(Source material):
+-------+

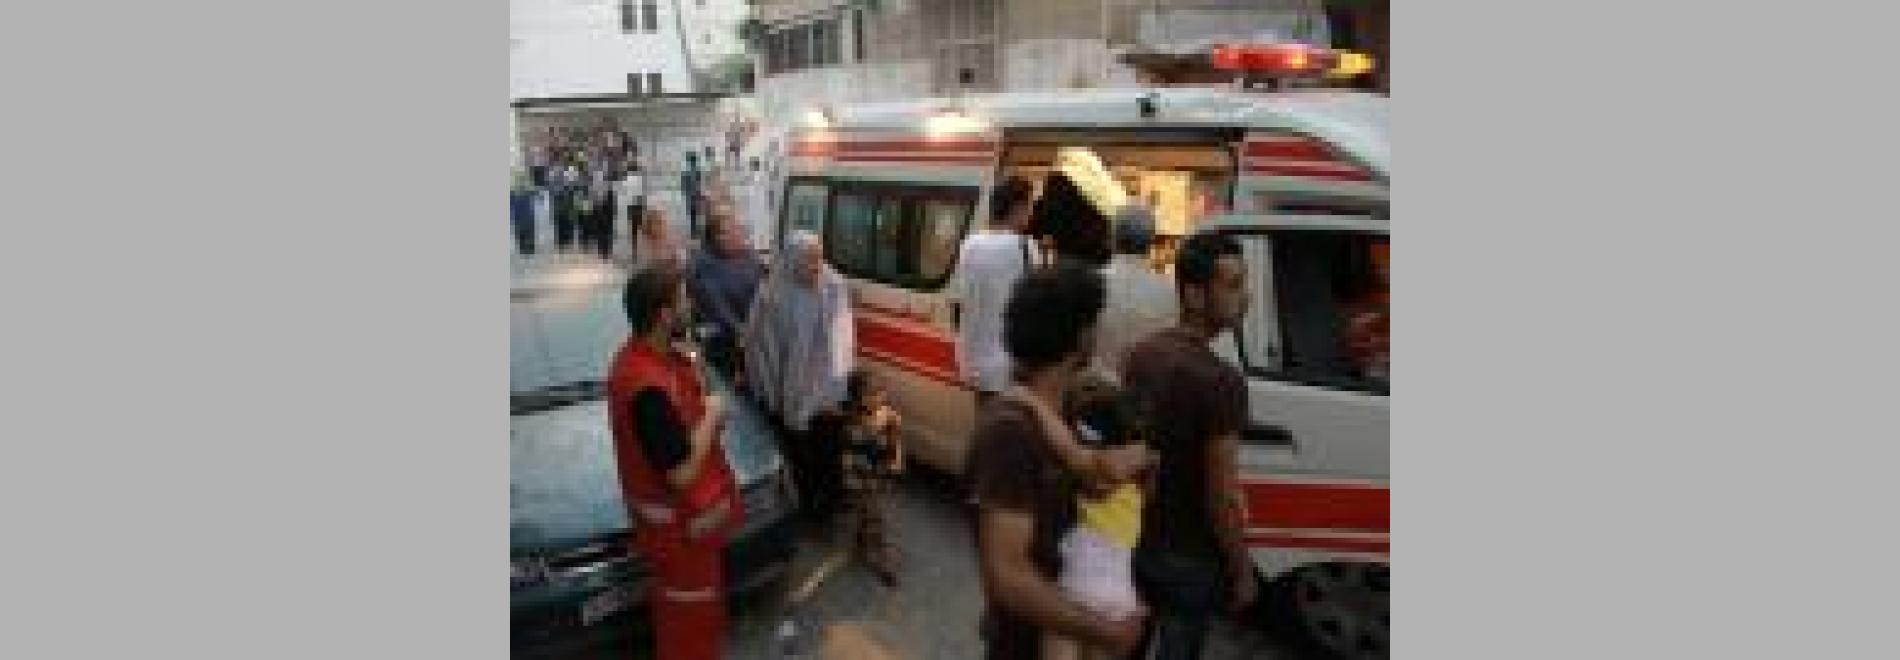 Ambulanse, amb presentació a càrrec de Mohamed Jabaly / Ambulància (Mohamed Jabaly, 2017) 
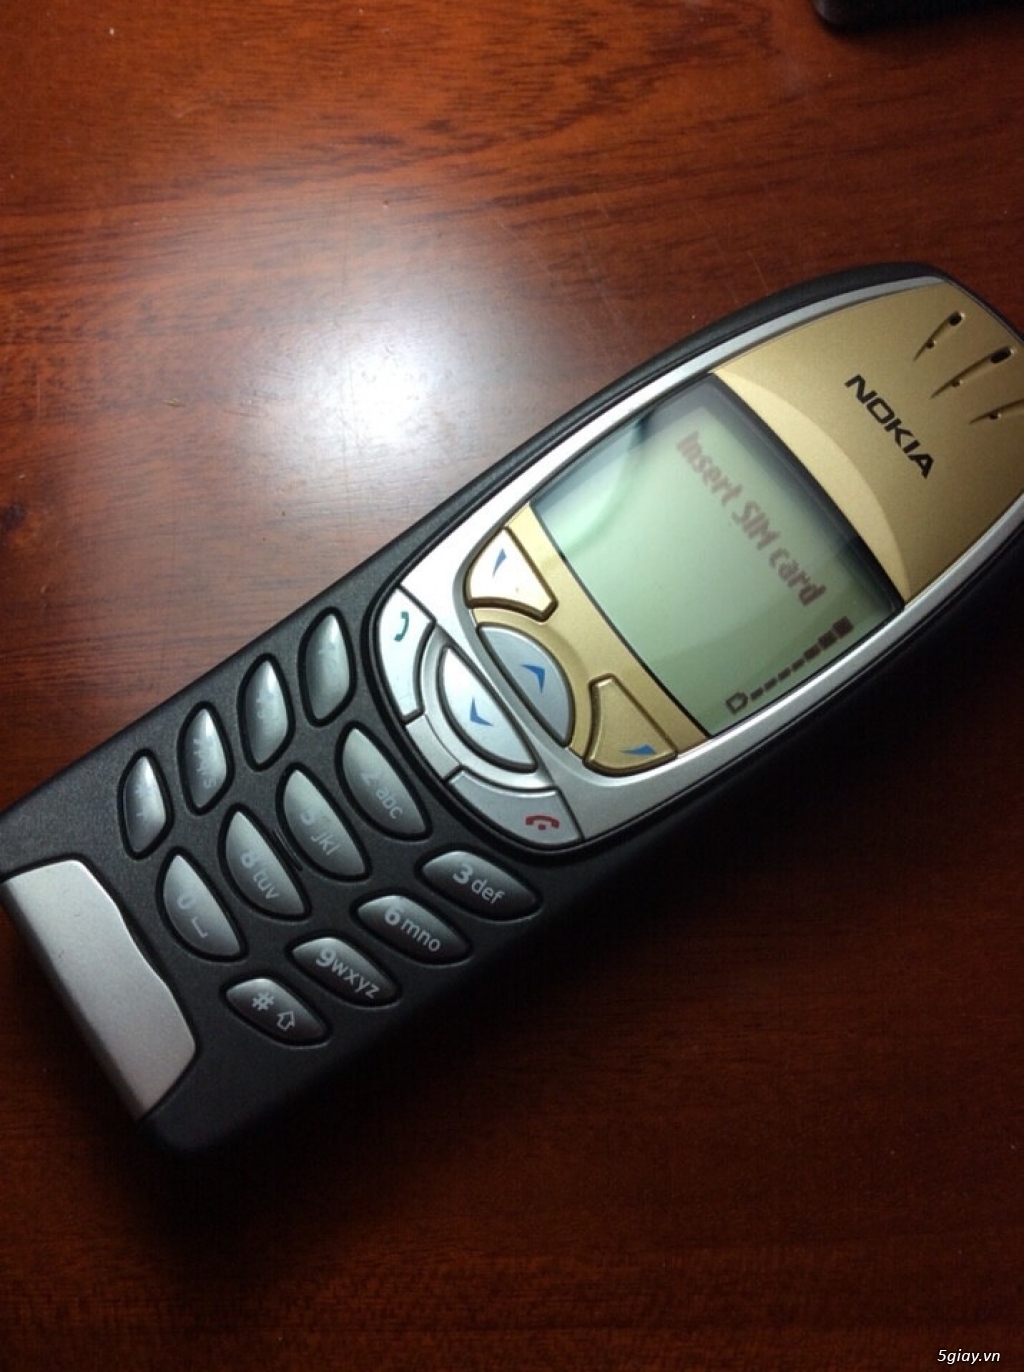 Nokia 6310i chuẩn xách tay eu, bản xuất pháp fabrique, đẹp xuất sắc !
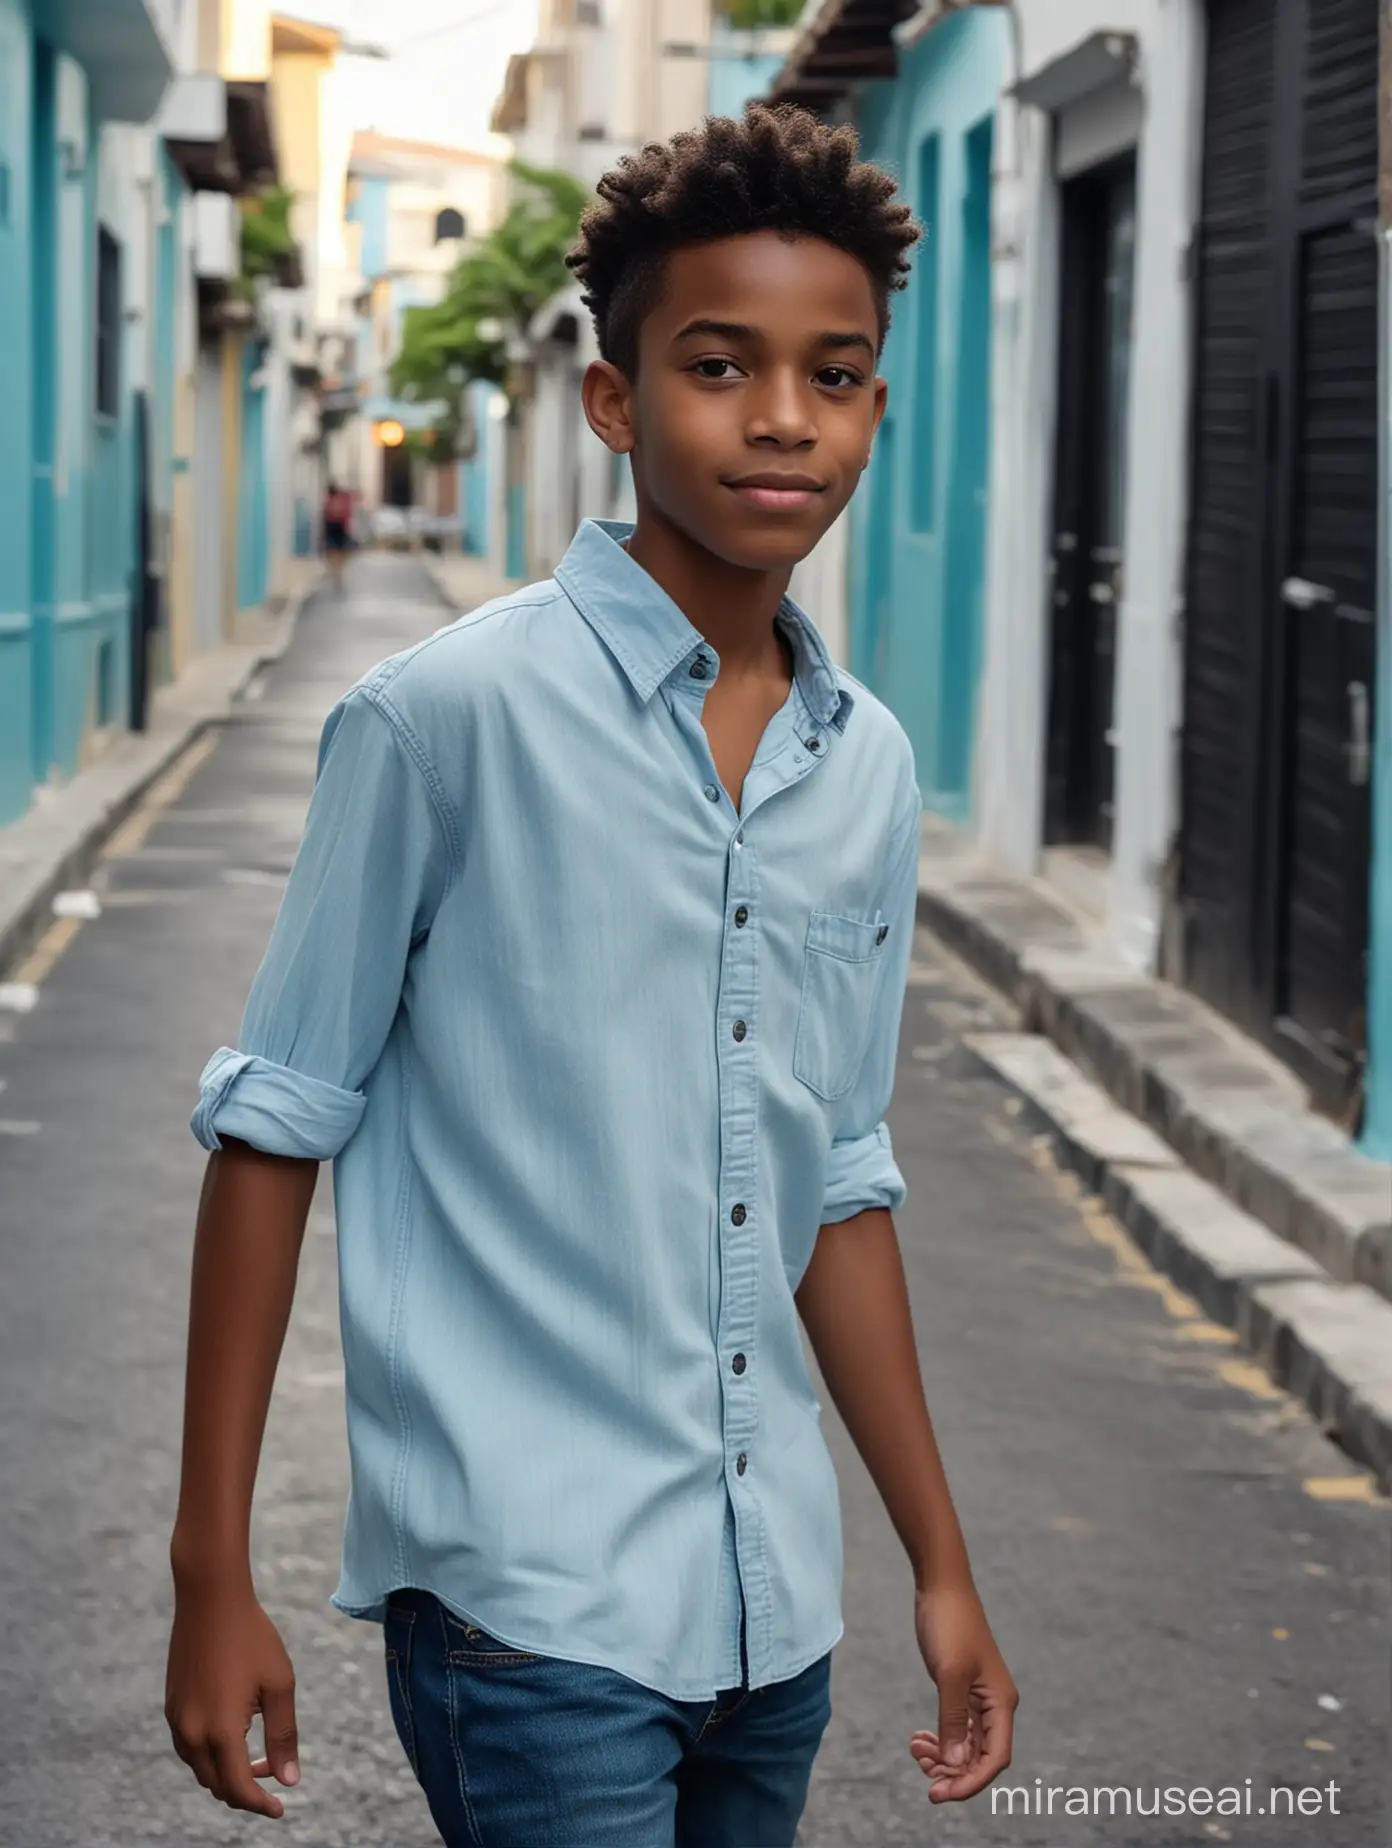 Caribbean Teenage Boy Strolling Down a Local Street in Casual Fashionwear
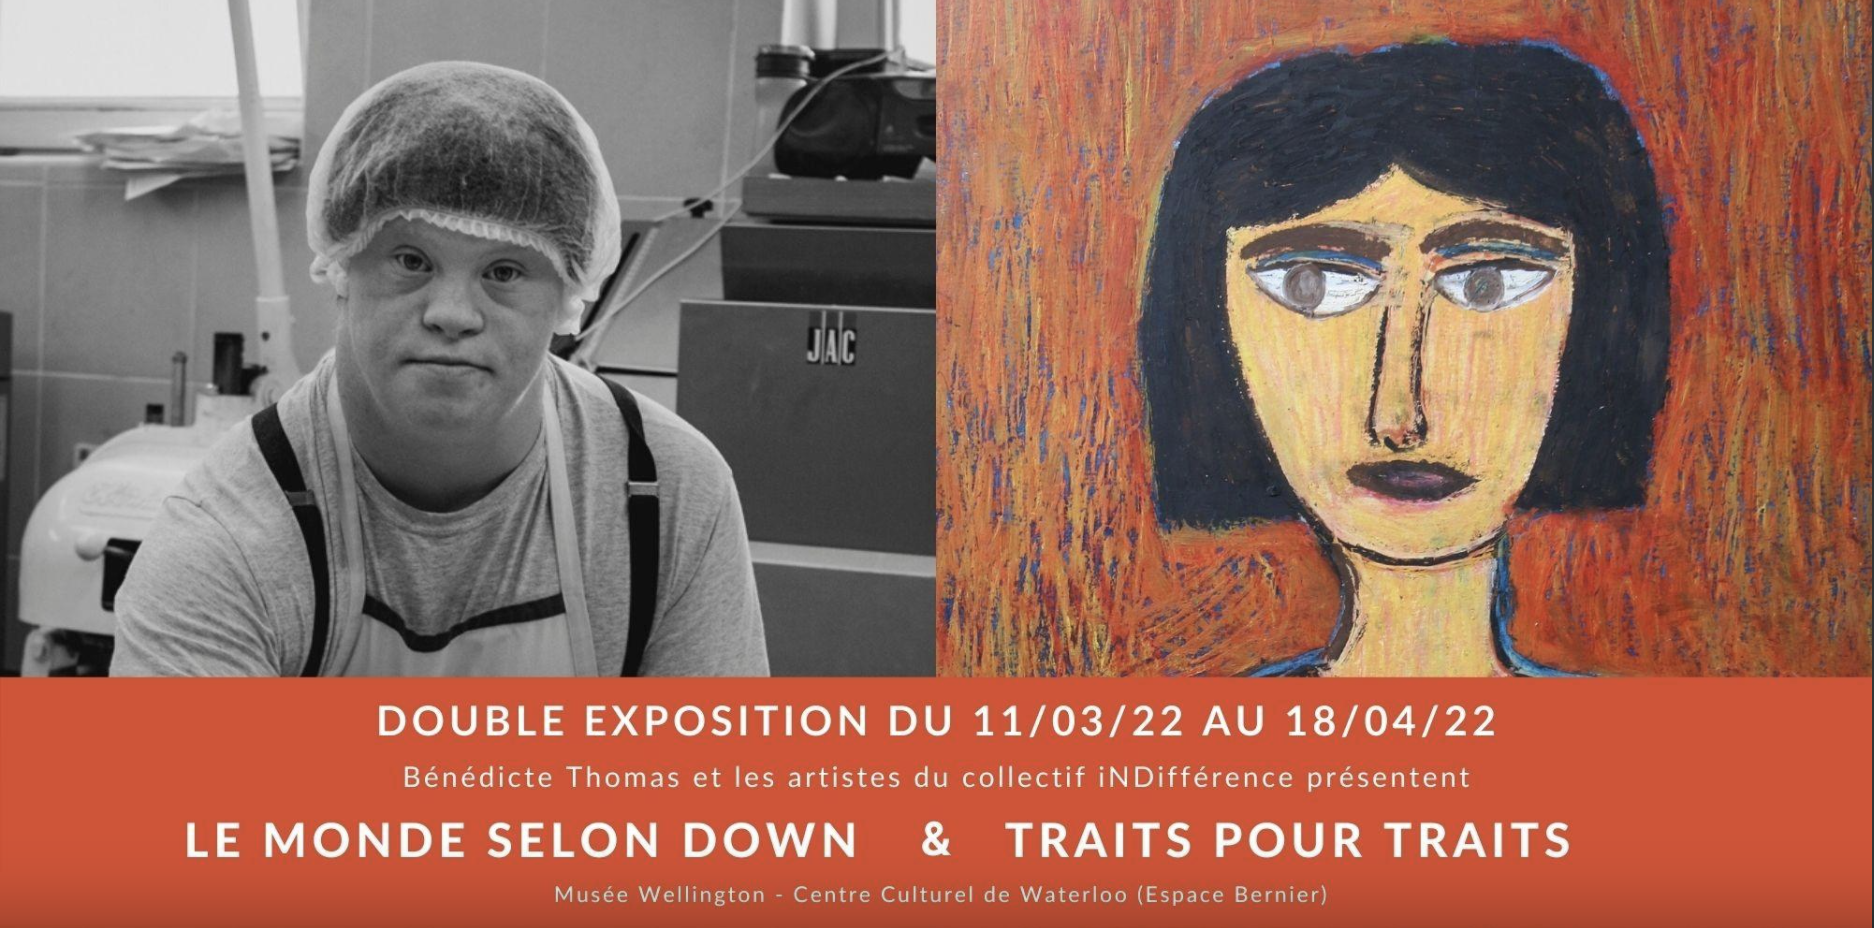 Exposition "Le Monde selon Down" au Musée Wellington | Du 11 mars 2022 au 18 avril 2022 | Waterloo

+-------+

(Task requirements): Starting with the line that holds "Nokia 6310i chuẩn", reproduce exactly each line up to and including the last line of the material above, and drop the pictures.

(Output of the task):
 Nokia 6310i chuẩn xách tay eu, bản xuất pháp fabrique, đẹp xuất sắc !
 Caribbean Teenage Boy Strolling Down a Local Street in Casual Fashionwear
 Exposition "Le Monde selon Down" au Musée Wellington | Du 11 mars 2022 au 18 avril 2022 | Waterloo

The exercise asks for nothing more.